Since I was already keen to find a dataset and play around with plotly and Dash, I felt this was the perfect opportunity. The datasets needed a bit of work, however and this is ok - it wouldn’t be much fun if it wasn’t like that?

In this post I will not get into the details of the data processing - the jupyter notebook is available on my github. I will however describe some of the key points and steps that needed to be taken in order to transform the raw csv files provided by the Statistic Office into something Dash can make sense of.

  • downloading of the files - this step was not automated because the data changes only once a year
  • the bigger dataset, the one with the 3rd level subcategories, had errors: the fields were separated by semicolons, but the same symbol was present in some of the fields - making the files impossible to import in pandas without some preprocessing of the files. Python helps here.
  • the country codes provided by the Office are composed of two letters, while the Dash maps require the so called Alpha-3 code. Search for pycountry.
  • The exports and the imports are in separate files - they needed to be merged into one big file. Then I added the derived quantities> trade balance and total exchange. The next step could be to calculate the yearly variation: (val2-val1)/val1… Maybe I’ll add it later.

The charts

I wanted to do a couple of visualization that I would actually find useful - some pictures that actually answer concrete real-life questions. The first one was a comparison of the trade (export, import, trade balance or total exchange) between Serbia and one or more countries. This was a no-brainer, with the nice added functionality of selecting the subcategory. Plotly is great because it makes switching between stacked and side-by-side charts simple and quick.

The second chart I chose is the Category drilldown, a chart that should answer the questions:

Which are the main importers for category x? Which countries are the main players on this particular market?

I limited the number of countries to 10 because it is a realistic scenario and the chart becomes cluttered for N>10. I had to calculate the remaining value (export, import or else) and use it in the charts, in order to have the correct values in percentages.

The last chart is the same as the second, only here we are analyzing a particular country and get the main commodity groups in the trade.

Finally, the World Map is maybe the most interesting - it uses color to convey information about the trade in a particular year and for the selected categories.
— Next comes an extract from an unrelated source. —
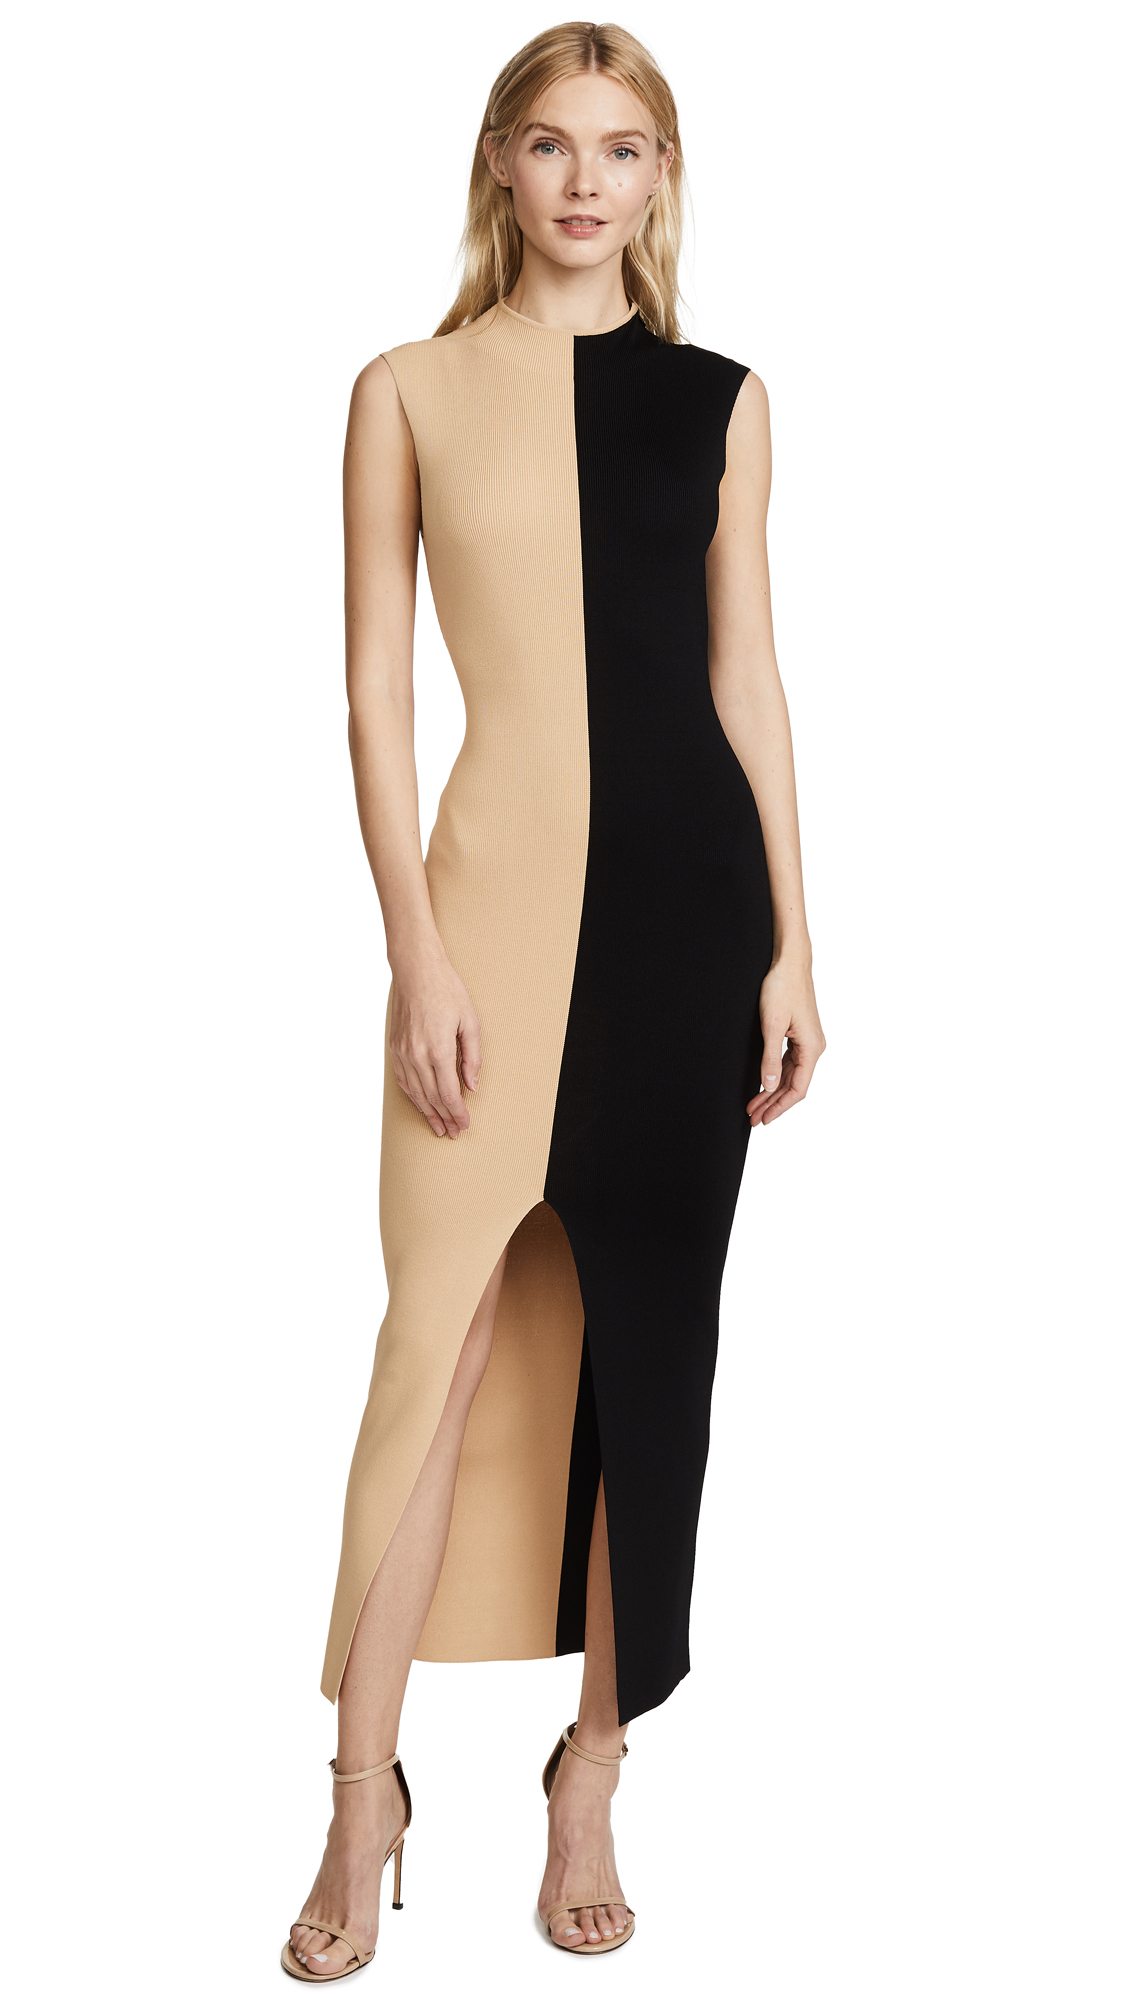 Solace London Intarsia Dress

If find it great because it enables the user to quickly pinpoint areas and countries of interest for a particular product category.


I used a free instance (dyno) on Heroku and it was pretty straightforward. In the github repo I left the procfile and the only thing I had to do differently from the Dash tutorial was the explicit inclusion of Flask in the file:

server = Flask(__name__)
server.secret_key = 'somesecret'
app = dash.Dash(__name__, server = server, external_stylesheets=[dbc.themes.JOURNAL])
app.layout = html.Div([navbar, body])
app.title = "Data Visualization - Serbian Foreign Trade 2004 - 2018"
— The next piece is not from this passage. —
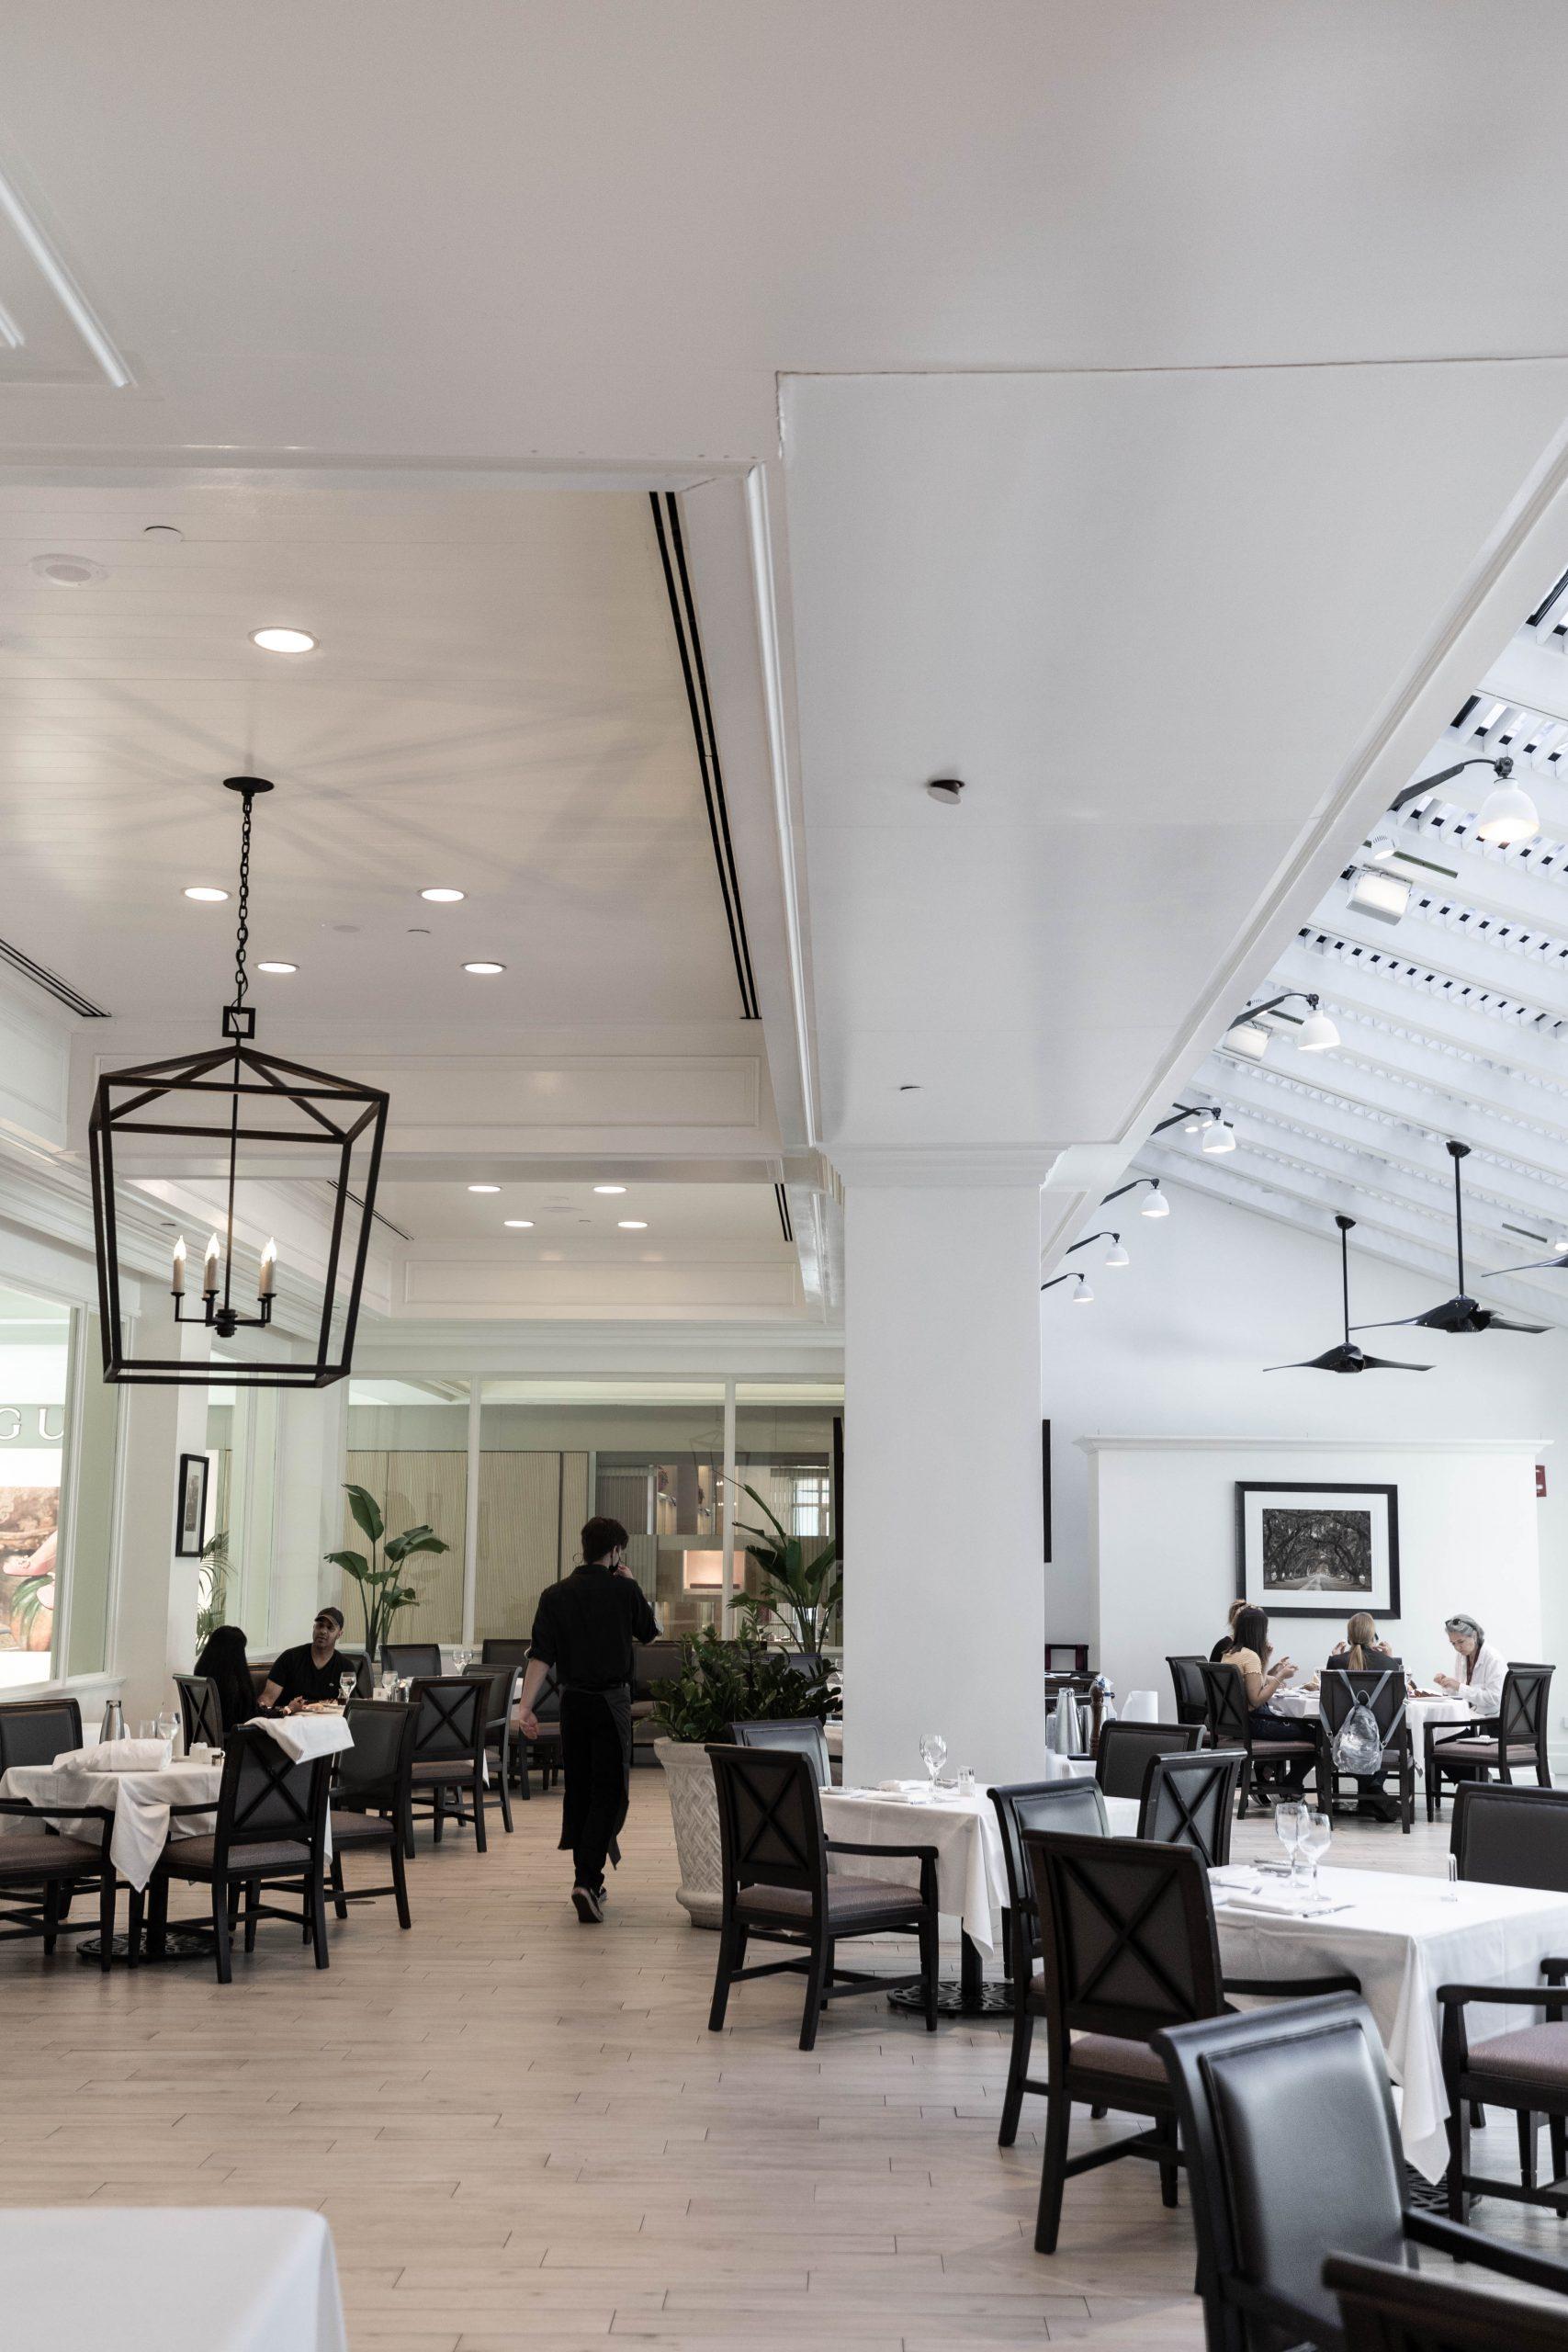 Palmetto Café Inside Belmond Charleston Place Luxury Hotel Written & Photographed by Annie Fairfax

For this particular type of app, Heroku is not the greatest solution: since I am on a free plan, my dyno takes a couple of seconds to start each time I hit the home page. Since Dash is essentially a React app sitting on top of python/Flask, after a while, when the dyno stops, the user still sees the loaded page and all the charts, but they are not responsive - they do not react :) to the user inputs - so you have to hit refresh every hour or so…

Further steps

There are a lot of ways in which this app could be developed further. One feature that I actually plan on adding is the ability to switch between datasets - the user should be able to choose the granularity of the SITC codes displayed. Moving away from Heroku to DigitalOcean should make the app quicker. The map could be animated, it could showcase the changing of the colors / the main commercial partners of Serbia and so on.